Christie shook his head no. “I’m a sound sleeper, Mr. Heller, and that storm last night must have drowned out any commotion…”
“You didn’t smell smoke? You didn’t hear a struggle?”
“No, Mr. Heller,” Christie said, insistently, openly irritated now. “Now, if you’ll excuse me, I have a phone call to make.”
“Phone call?”
Very irritated. “Yes. I’d just been trying to compose myself when you seized upon the moment for conversation. You see, no one as yet has called Lady Oakes.”
Behind him, the front door flew open and Alfred de Marigny stormed in.
Dark hair falling over his forehead like a comma, his eyes wide and almost wild, the bearded Count said, “What’s going on here? Who’s in charge?”
None of the black cops answered, so I told him.
“Colonel Lindop,” I said. I wasn’t tailing him anymore.

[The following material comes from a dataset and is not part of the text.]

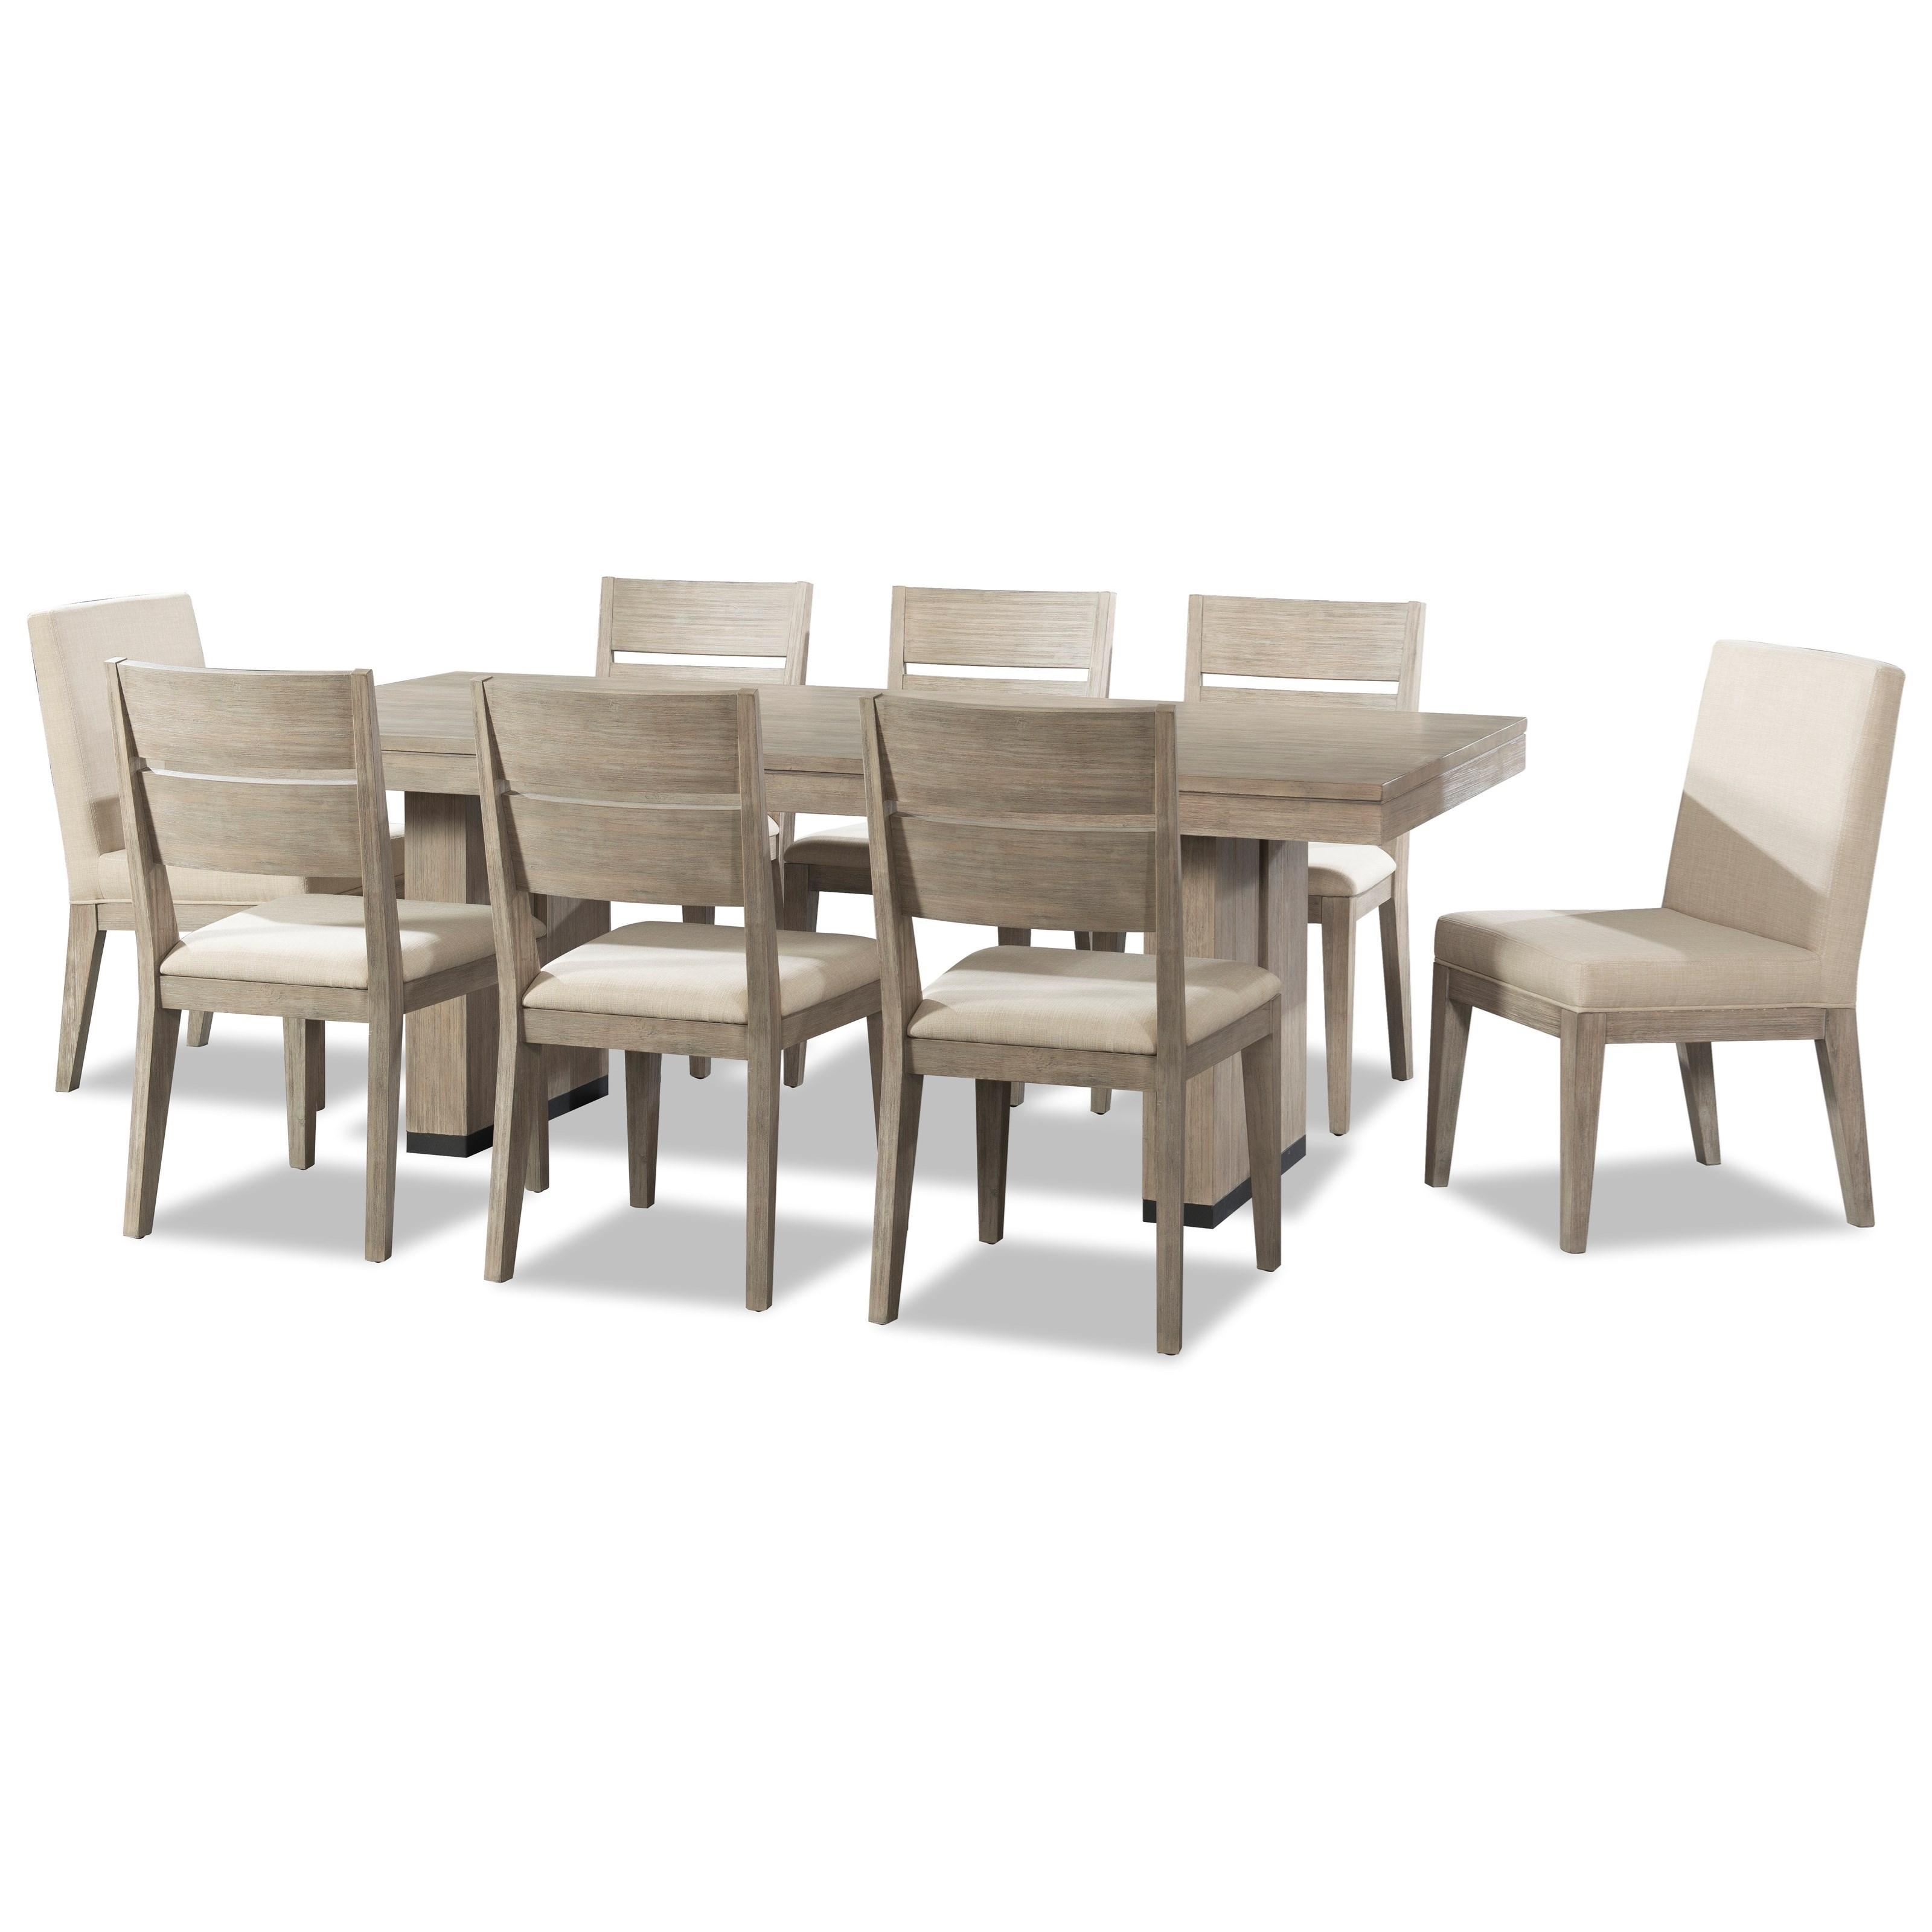 Cresent Fine Furniture Larkspur 9 Piece Trestle Table and  : products2Fcresentfinefurniture2Fcolor2Flarkspur20503503 1502B2x1572B6x158 b1 from www.belfortfurniture.com size 3200 x 3200 jpeg 656kB

No need to keep a low profile….
“Harold,” de Marigny blurted at Christie, “what the hell is this dirty business? John Anderson stopped me outside his bank and said Sir Harry’s been killed!”
Christie nodded numbly, then pointed to the living room and said, “I have a long-distance call to make.”
Then he walked into the l
iving room, with de Marigny-casually dressed, blue shirt, tan slacks, no socks-tagging along.
I moved to the doorway, to eavesdrop on Christie’s side of the phone conversation with Lady Oakes, but couldn’t hear much. There was too much chatter in the hallway-not from the cops, but from a group of well-to-do-looking whites who were gathered down near the kitchen. Probably a mix of government officials and Oakes’ business associates.
Far too many people on hand for a crime scene. This was as bad as the fucking Lindbergh case, everybody and his damn dog tramping through the place.
I watched the silent movie of Christie speaking on the phone to Lady Oakes, de Marigny standing nearby, somewhat impatiently. Finally the Count tapped Christie on the shoulder, like a dancer cutting in.
De Marigny took the receiver.
Christie watched with obvious distaste as de Marigny spoke to his mother-in-law; he spoke louder than Christie, but his thick accent kept me from catching much of it. Obviously he was paying his condolences and asking what he could do to help.
And at least three times he asked her (and this I could hear-he was insistent) to have his wife, Nancy, get in touch with him as soon as possible.
De Marigny hung up the phone and looked at Christie, who turned his back on the Count and headed toward the hallway, and me.
“Why wasn’t I called, Harold? Why did I have to hear about this on the street?”
Christie mumbled something, brushing past me. De Marigny was on his heels.
“Count de Marigny,” Lindop said.
The Colonel was positioned in front of them like a traffic cop, as if to make them stop.
They stopped.
“I regret to inform you that Sir Harry Oakes is dead. Foul play is indicated.”
“When exactly was the body found?” de Marigny asked.
“At seven this morning.”
He scowled. “My God, man! It’s almost eleven o’clock-this is my father-in-law who’s been murdered! Why wasn’t I contacted?”
“No slight was intended. We’ve been busy. A crime has been committed.”
De Marigny’s wide lips pressed together sullenly. Then he said, “I demand to view the body!”
“No,” Lindop said, softly but flatly. “I would suggest you go home, Count. And make yourself available, should we have any questions.”